# Project "FISH PATROL"...Jeep Cherokee



## Railroader (Apr 13, 2005)

Ladies and Gentlemen, I'm proud to present "Fish Patrol" my new old fishin' truck.










The first modification has been made by the addition of a Yak/Surf Rod rack... 

Next on the list will be a set of tires, since these BFG's have seen better days.

Also in the works may be on-board air, overhead rod storage, off road lighting, and maybe even a small lift.
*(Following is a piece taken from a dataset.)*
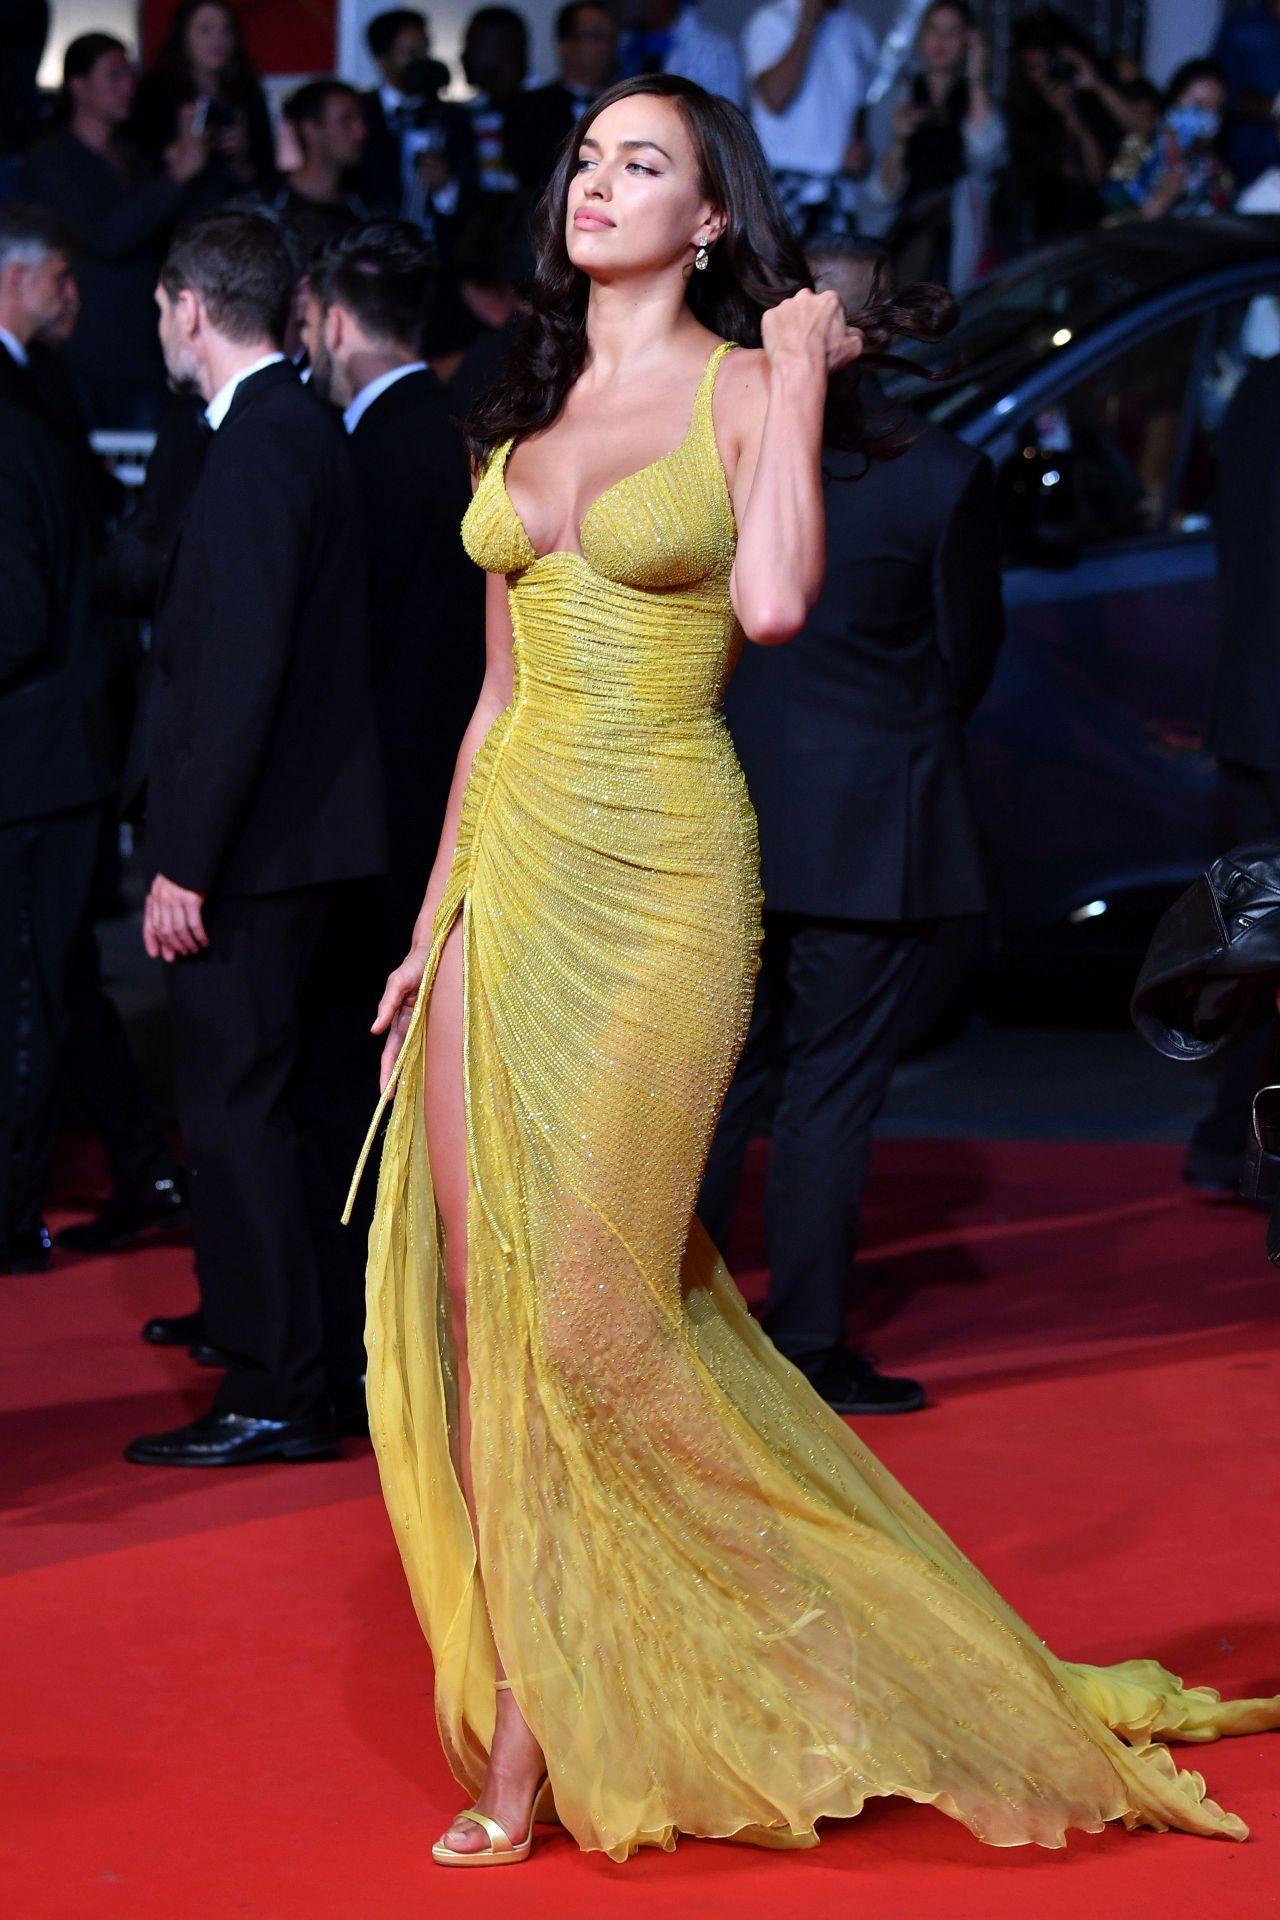 Irina Shayk Quot Hikari Quot Premiere At Cannes Film Festival 05

I'll refer to this thread as I work on it!


----------



## Cdog (Mar 18, 2002)

Nice looking ride.


----------



## bigphil (Jul 9, 2006)

Alright. Good little vehicles. I just let a friend borrow my truck to haul some lumber and I just washed his 2000 Jeep Cherokee. It's got 180,000 and no major mechanical issues yet. I did scrape the side of it with a uhaul a month or so ago when we were helping someone move, but the body shop did a good job of fixin it.


----------



## SeaSalt (Apr 29, 2002)

congrats to one XJ owner to another...

what is the yak thing you added to the roof?


----------



## Railroader (Apr 13, 2005)

Just a Bell Universal roof rack from Advance Auto parts. I had used it on another truck for hauling surf rods. Took the suction cup feet off, and secured it to the existing luggage rack on the Cherokee. 

Took it fishing last week with the Yak on top, and it performed flawlessly.

Got it for 49 bucks on sale. 

There was a thread about this rack a while back....I'll see if I can find it...

Nope, No luck....Too far back, I guess. I'll give ya some details about the rack if ya want....


----------



## damifinowfish (May 29, 2006)

Nice.

The XJ's is one of the best all around trucks that I have owned.

Damifinow fish


----------



## Surf Fish (Dec 16, 2005)

Are you gonna spray it with Pledge every time you get home from fishing?


----------



## SeaSalt (Apr 29, 2002)

woo... i just noticed that you got the Classic... I have a classic also. being able to drive 4x4 full time is a nice feature with a classic...

does your driver side speaker go on and off? Thats a special feature on these trucks... badge of honor... 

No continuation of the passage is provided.